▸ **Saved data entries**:

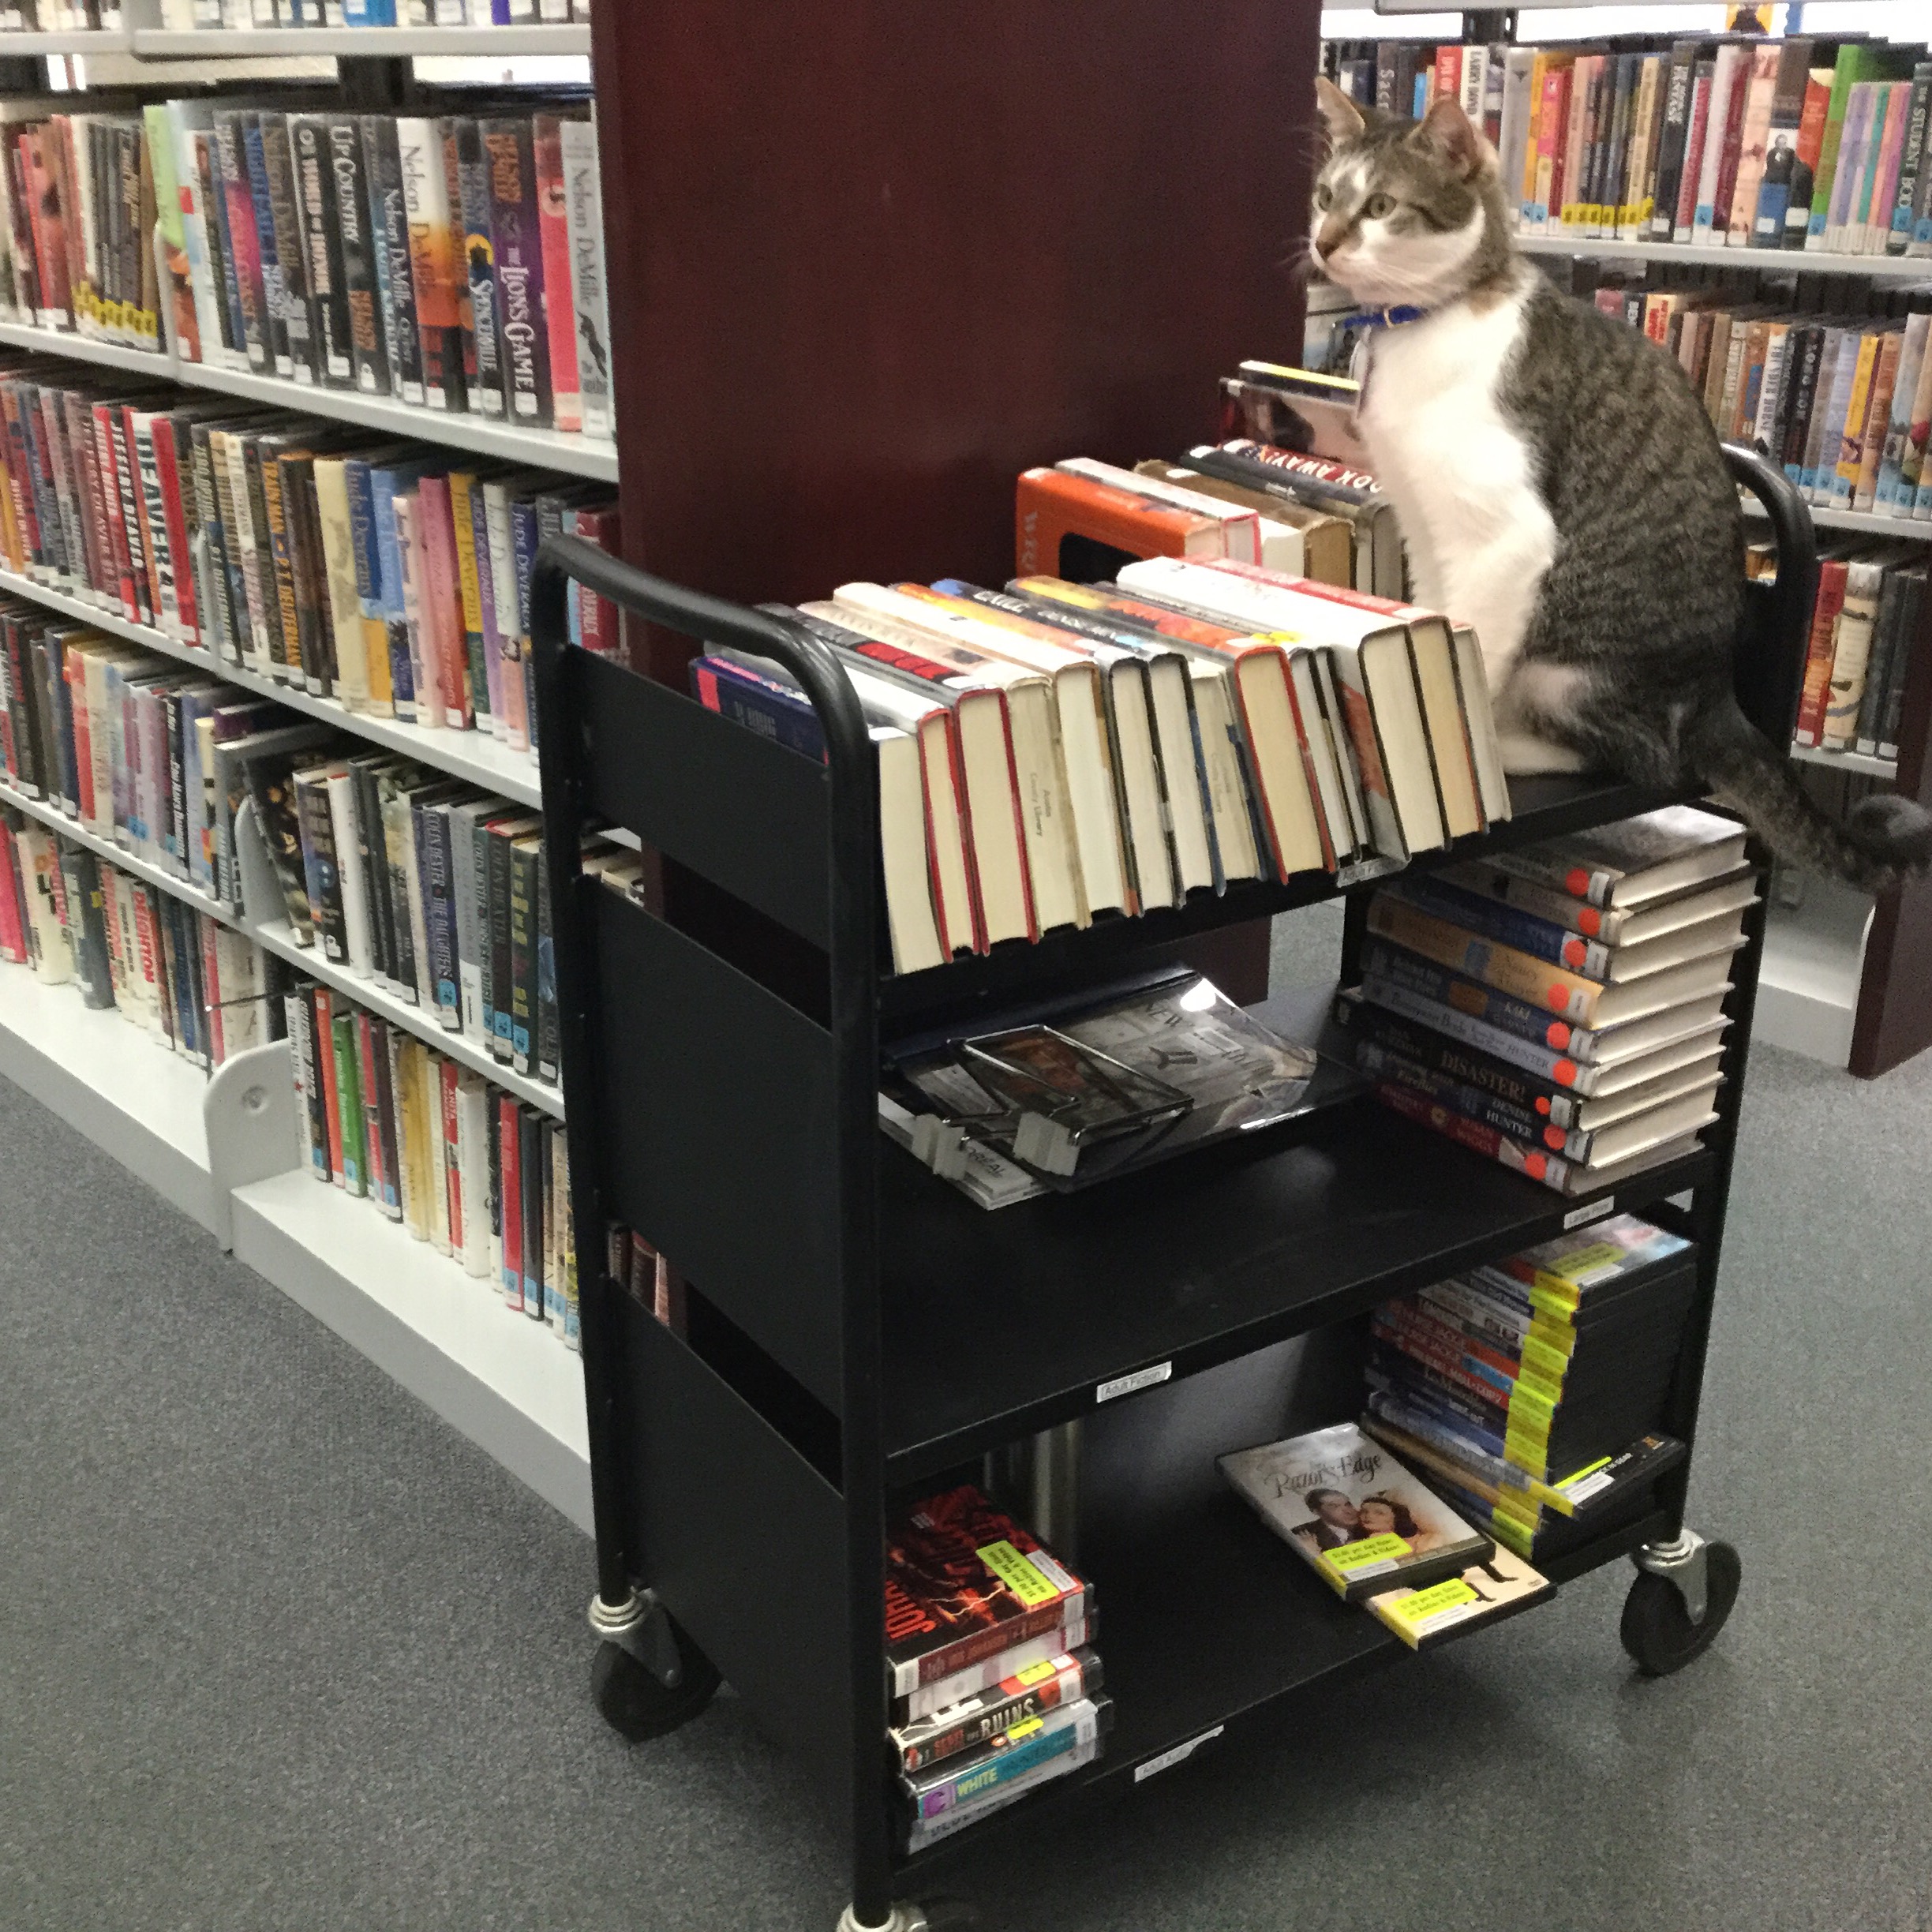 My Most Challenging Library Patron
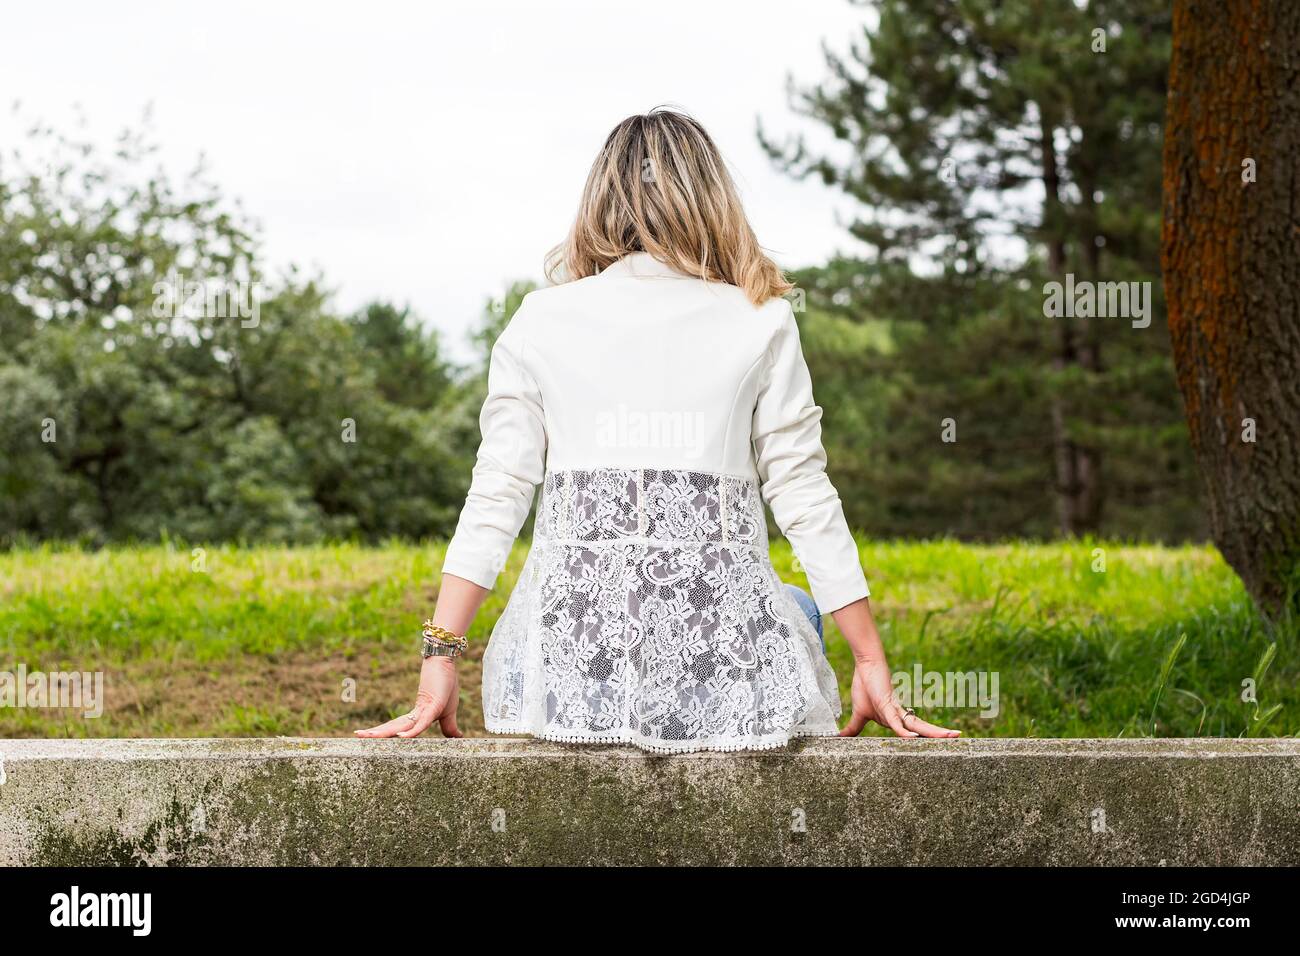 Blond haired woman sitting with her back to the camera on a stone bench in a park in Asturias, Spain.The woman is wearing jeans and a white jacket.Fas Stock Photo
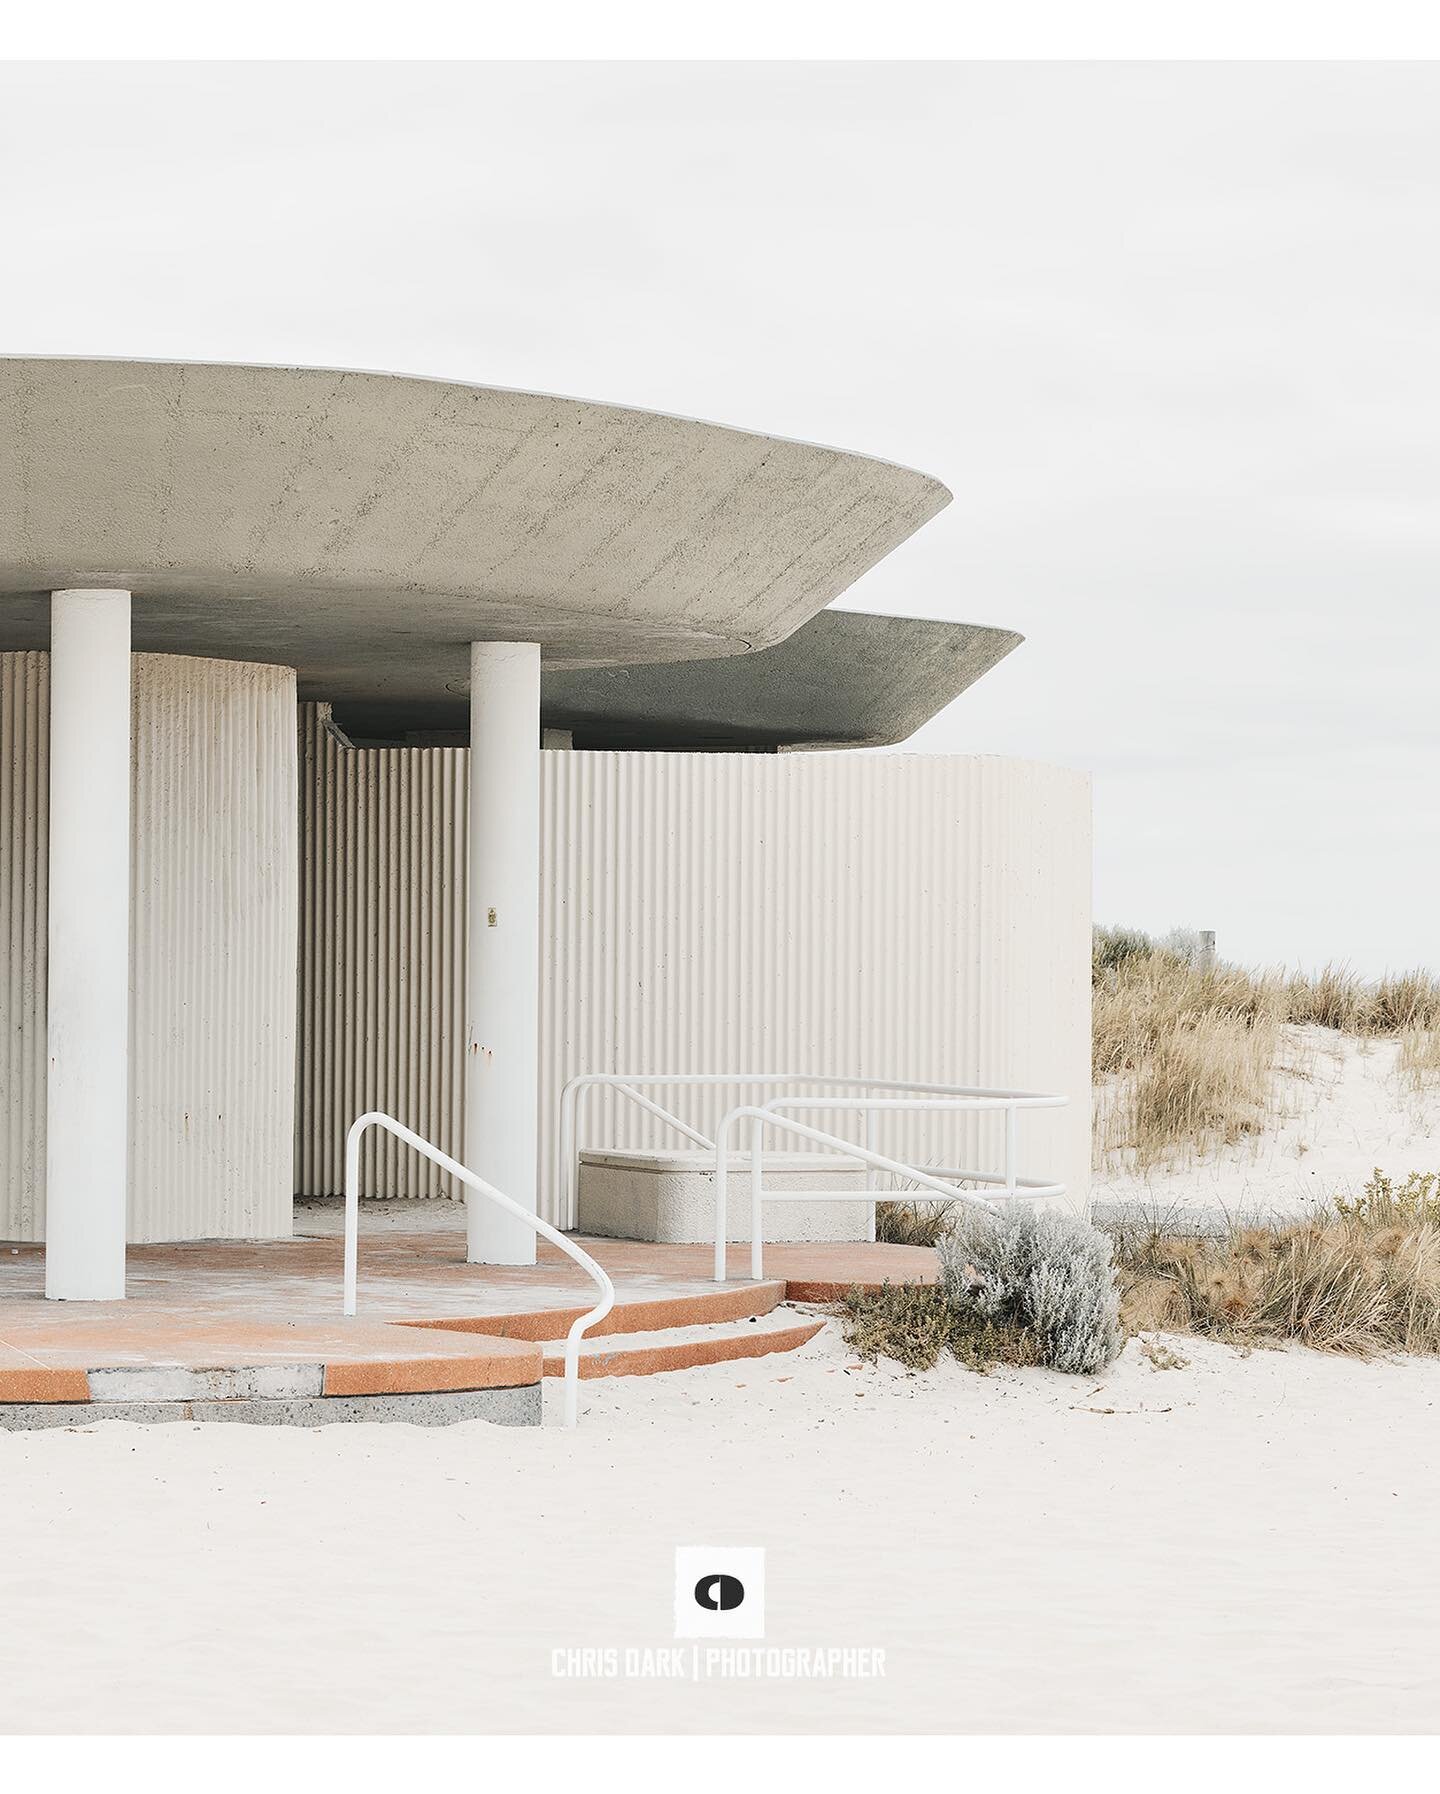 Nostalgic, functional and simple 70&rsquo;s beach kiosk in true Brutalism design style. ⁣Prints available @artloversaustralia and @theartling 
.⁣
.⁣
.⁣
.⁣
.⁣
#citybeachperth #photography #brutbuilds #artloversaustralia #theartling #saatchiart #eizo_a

▸ **WHAT YOU ARE ASKED TO DO**: Write the entries above out in full, exactly, with no images.

▸ **TASK RESPONSE**:
 My Most Challenging Library Patron
 Blond haired woman sitting with her back to the camera on a stone bench in a park in Asturias, Spain.The woman is wearing jeans and a white jacket.Fas Stock Photo
 Nostalgic, functional and simple 70&rsquo;s beach kiosk in true Brutalism design style. ⁣Prints available @artloversaustralia and @theartling 
.⁣
.⁣
.⁣
.⁣
.⁣
#citybeachperth #photography #brutbuilds #artloversaustralia #theartling #saatchiart #eizo_a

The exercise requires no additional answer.